Goal of the exercise: Could you copy exactly the lines below from the one with "U.S. Capitol and Flag. Source: Shutterstock" to the one with "Cast Brass and Iron Bed in Black, MK113", inclusive, leaving out any pictures?

--- Stored data ---

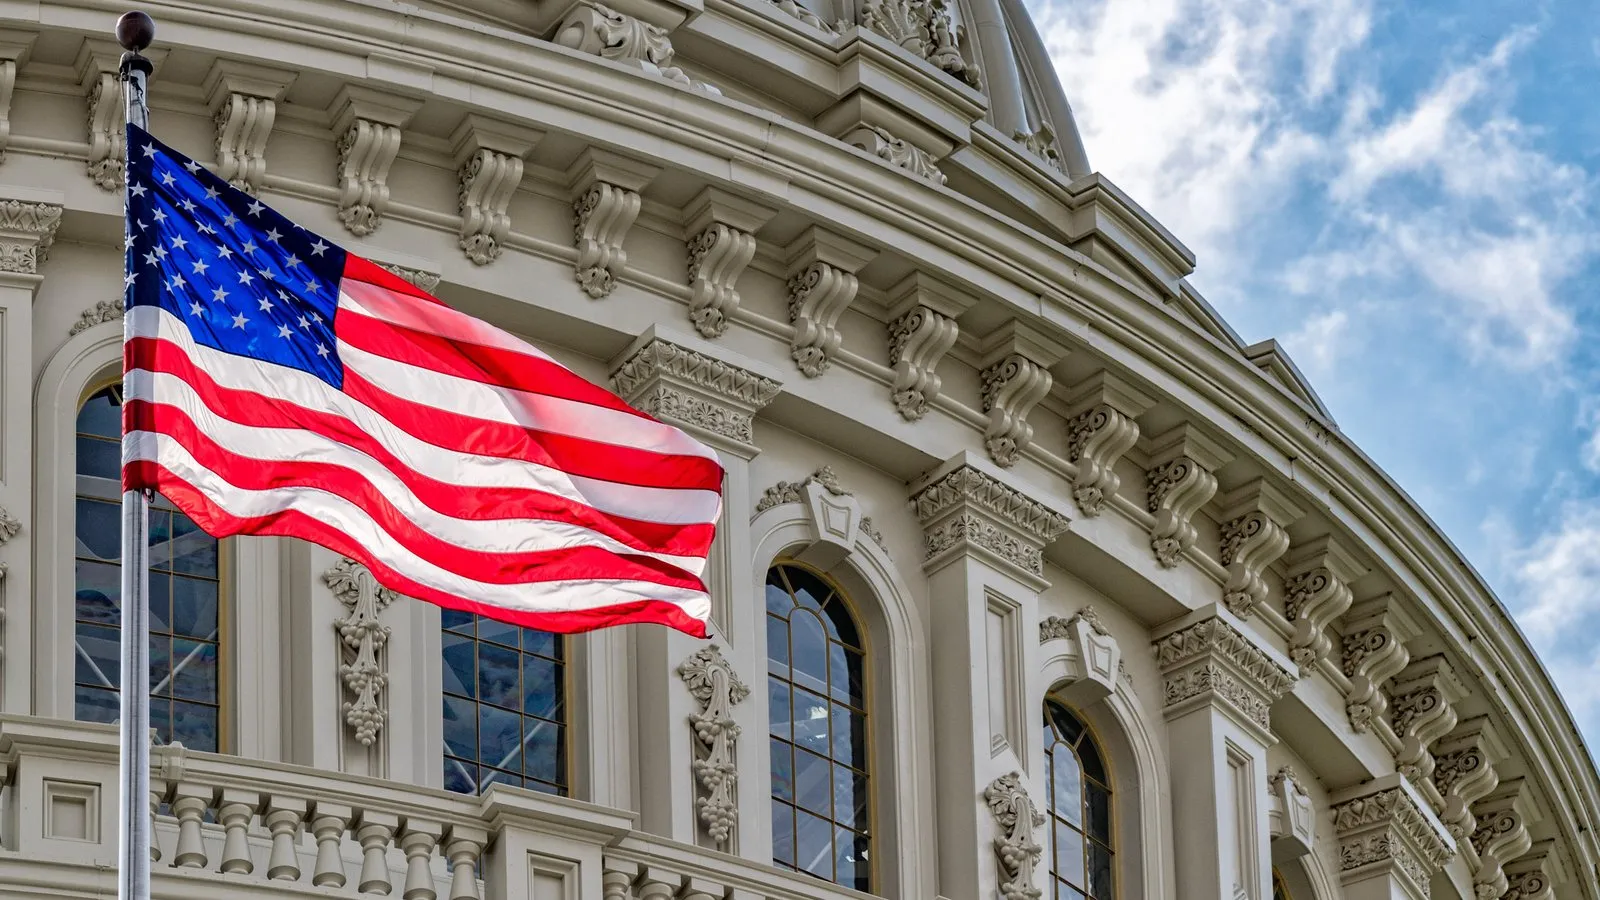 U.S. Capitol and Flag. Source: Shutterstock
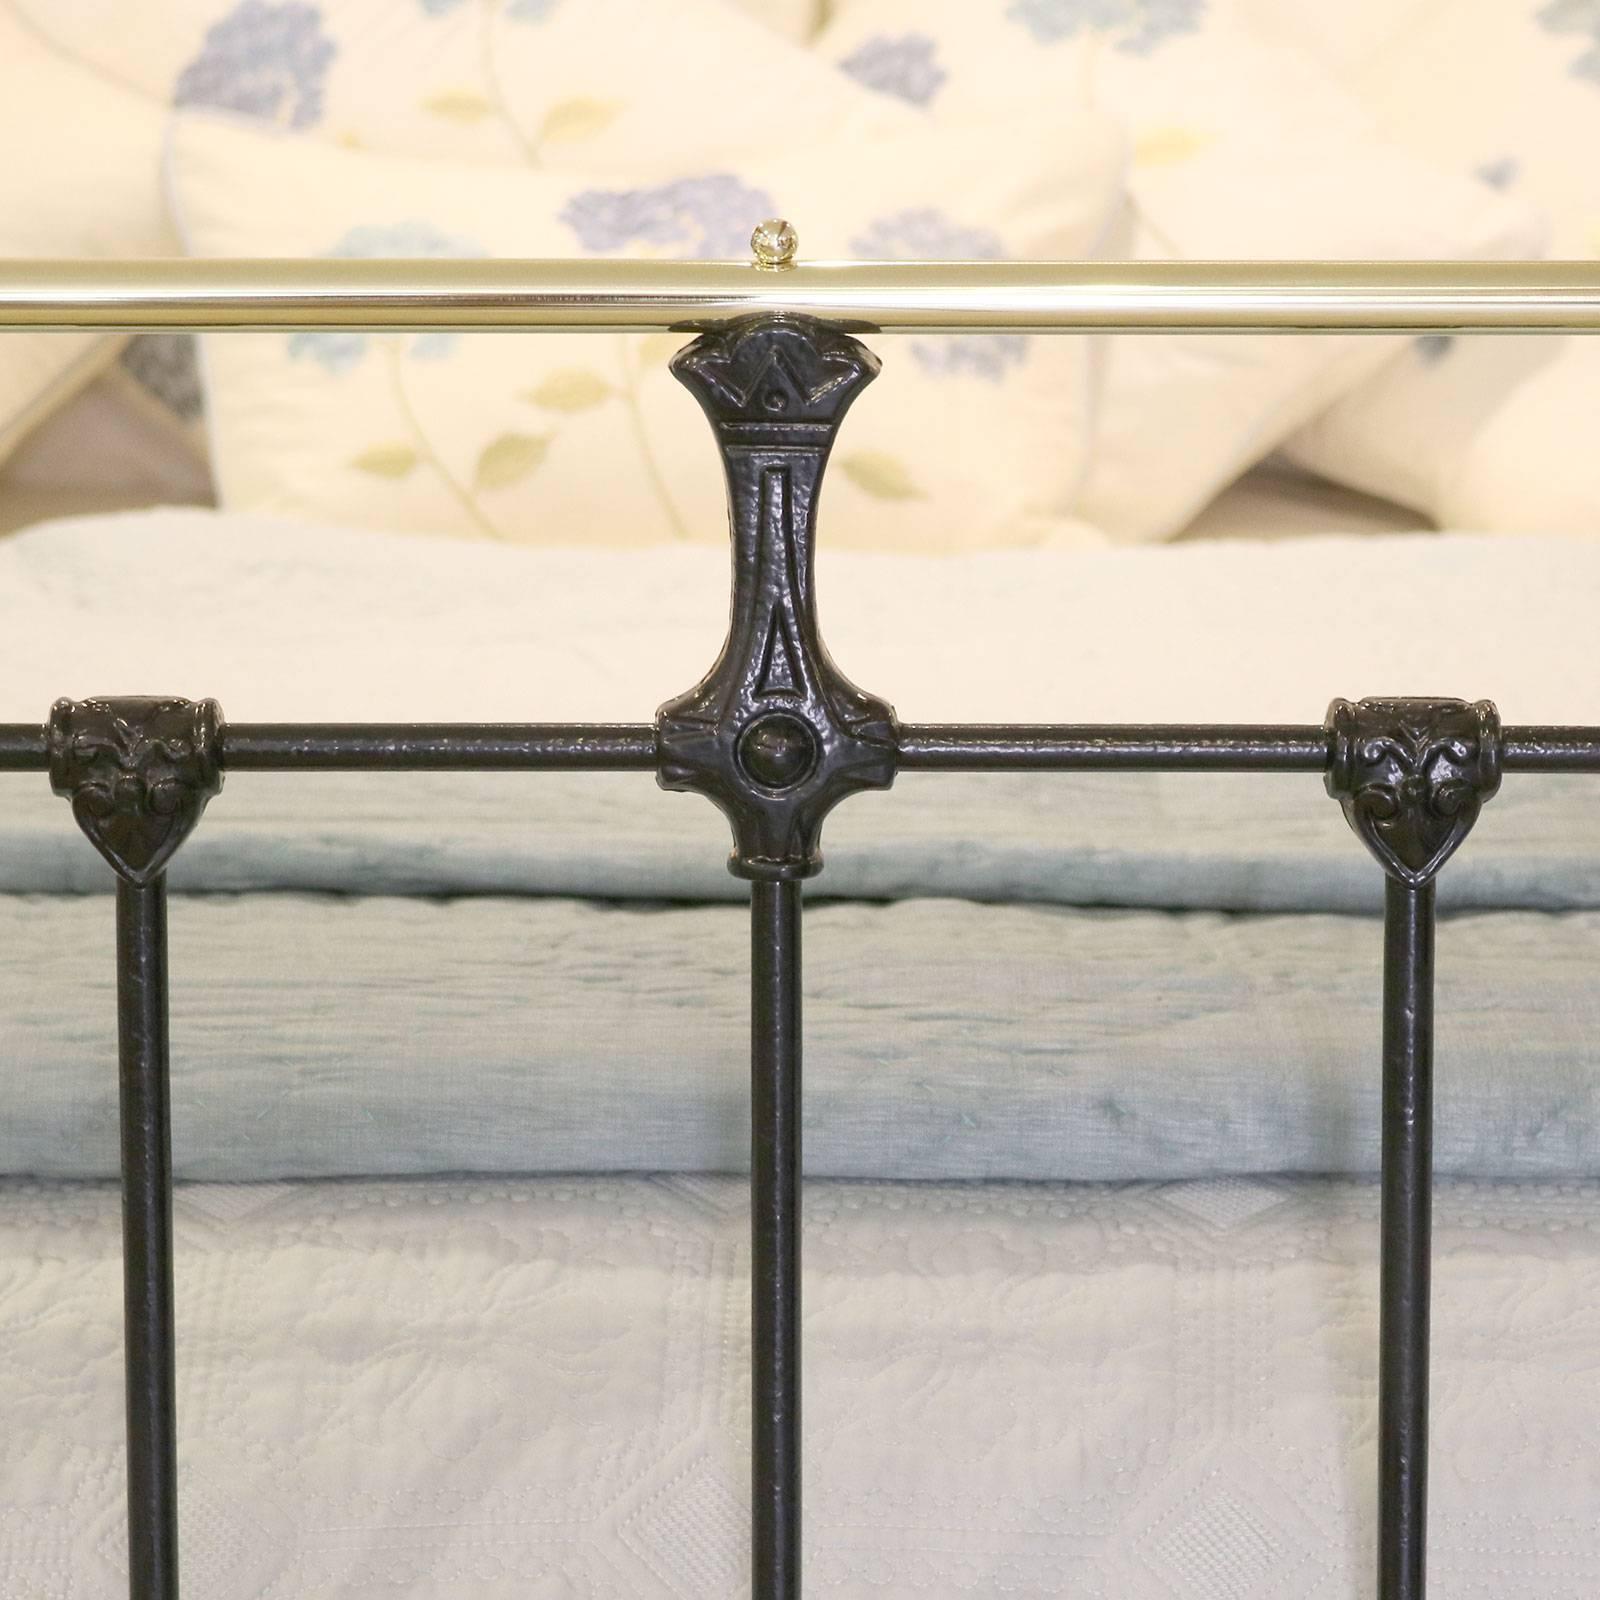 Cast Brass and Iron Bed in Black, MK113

---
--- Stored data ---

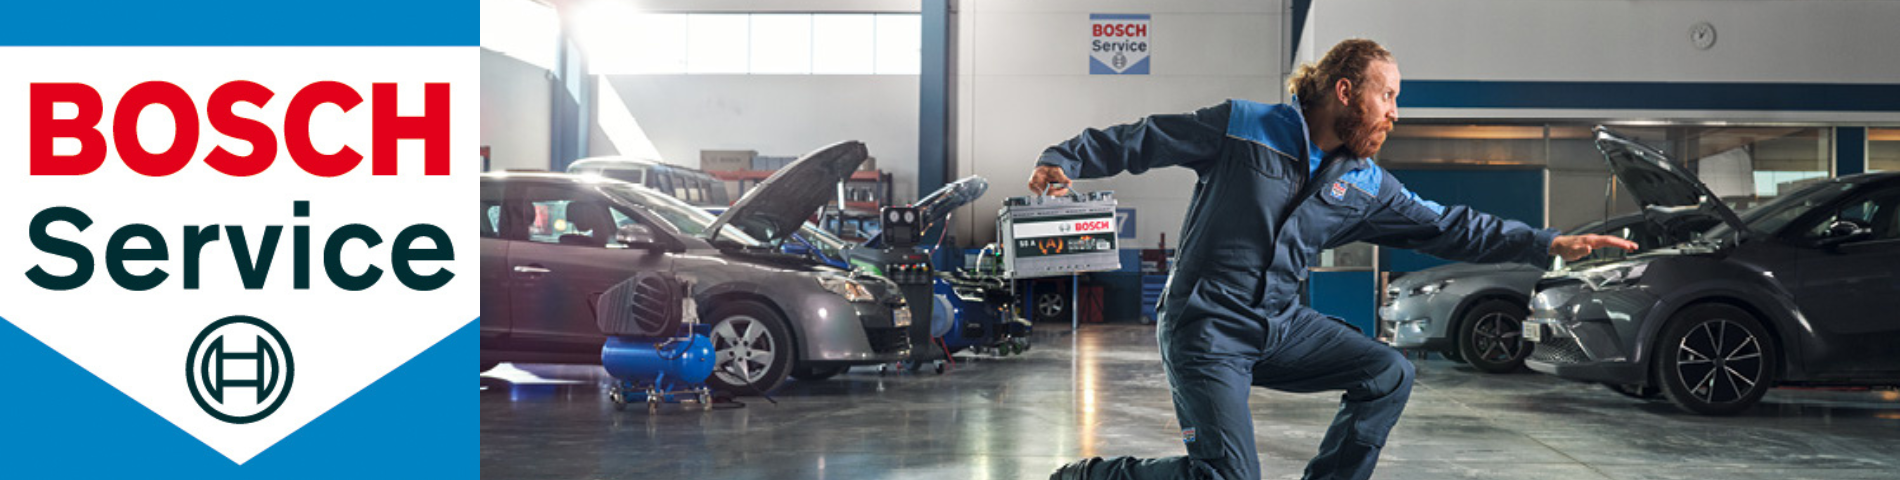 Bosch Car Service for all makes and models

---
--- Stored data ---

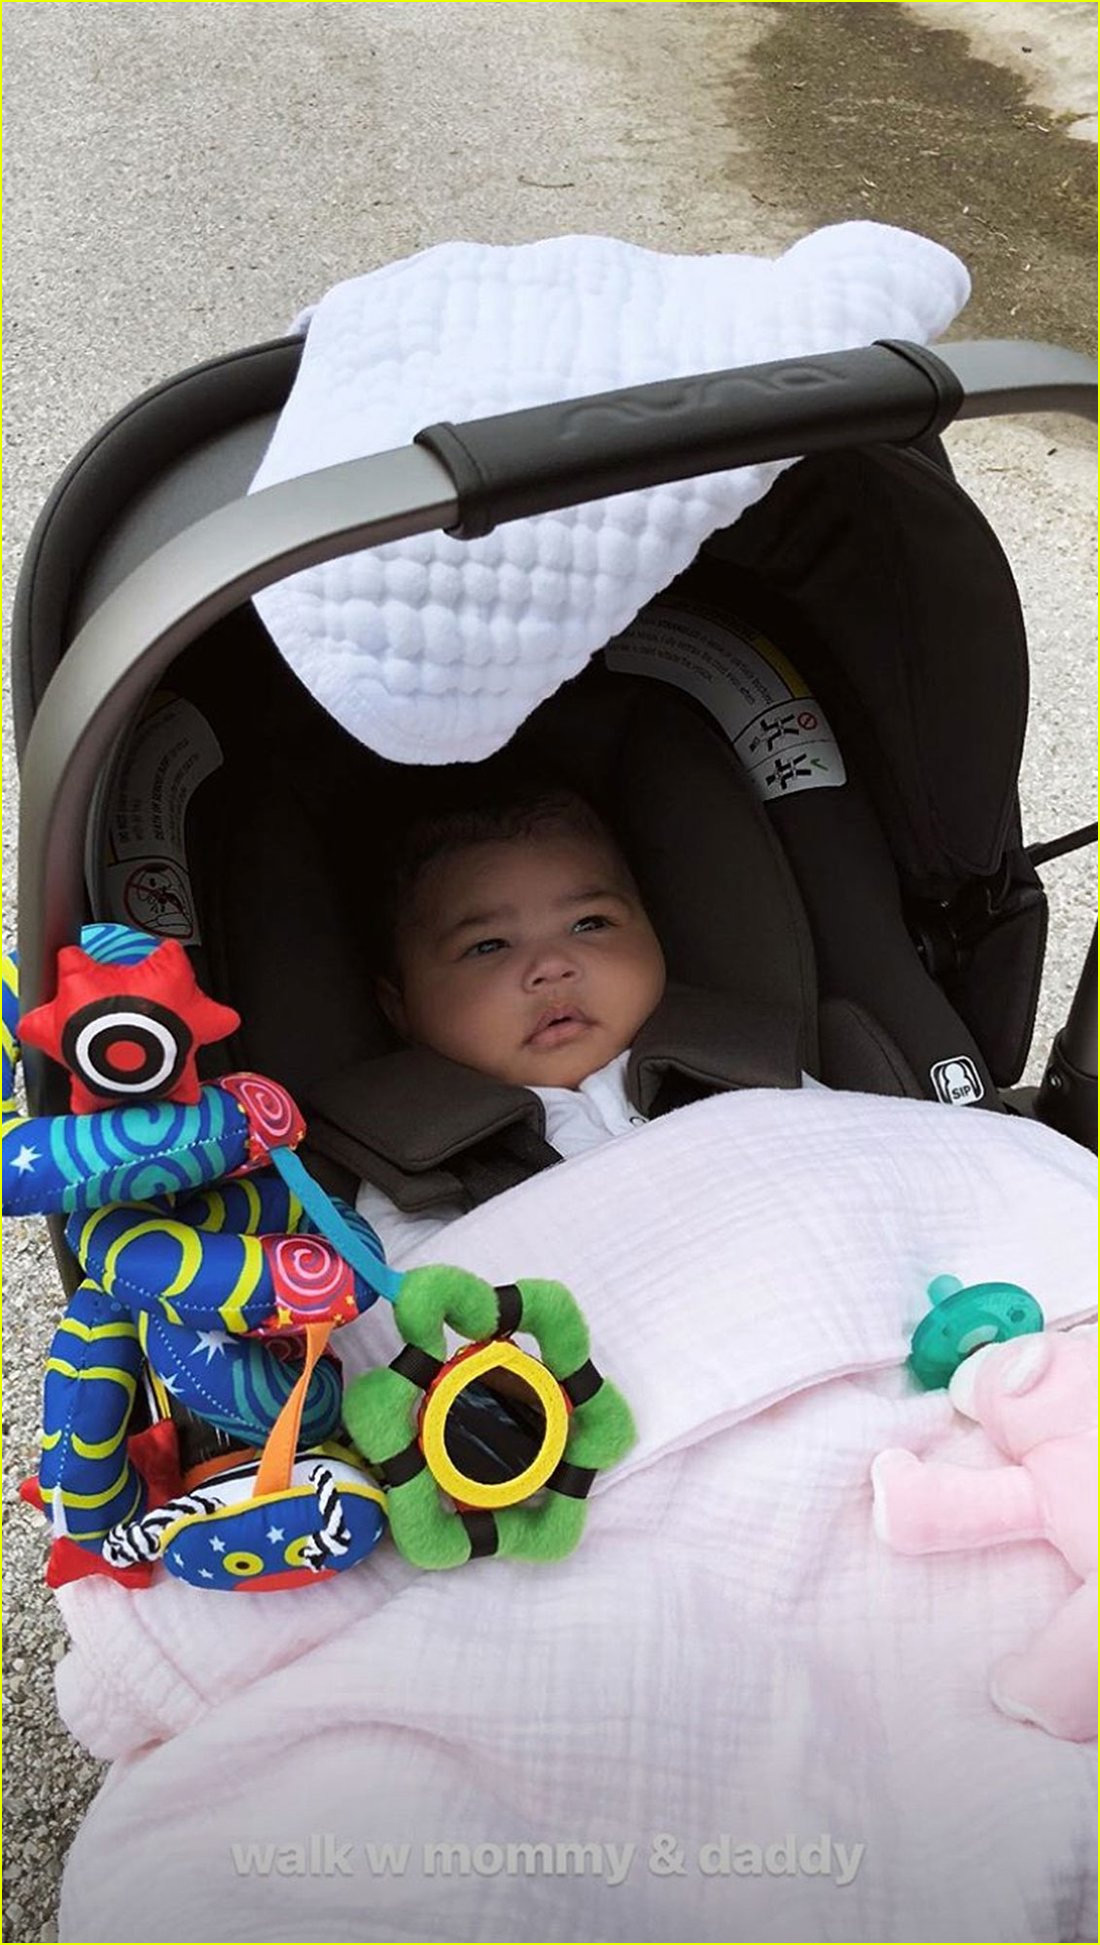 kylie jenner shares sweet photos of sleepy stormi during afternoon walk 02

---

Response to the exercise:
 U.S. Capitol and Flag. Source: Shutterstock
 Cast Brass and Iron Bed in Black, MK113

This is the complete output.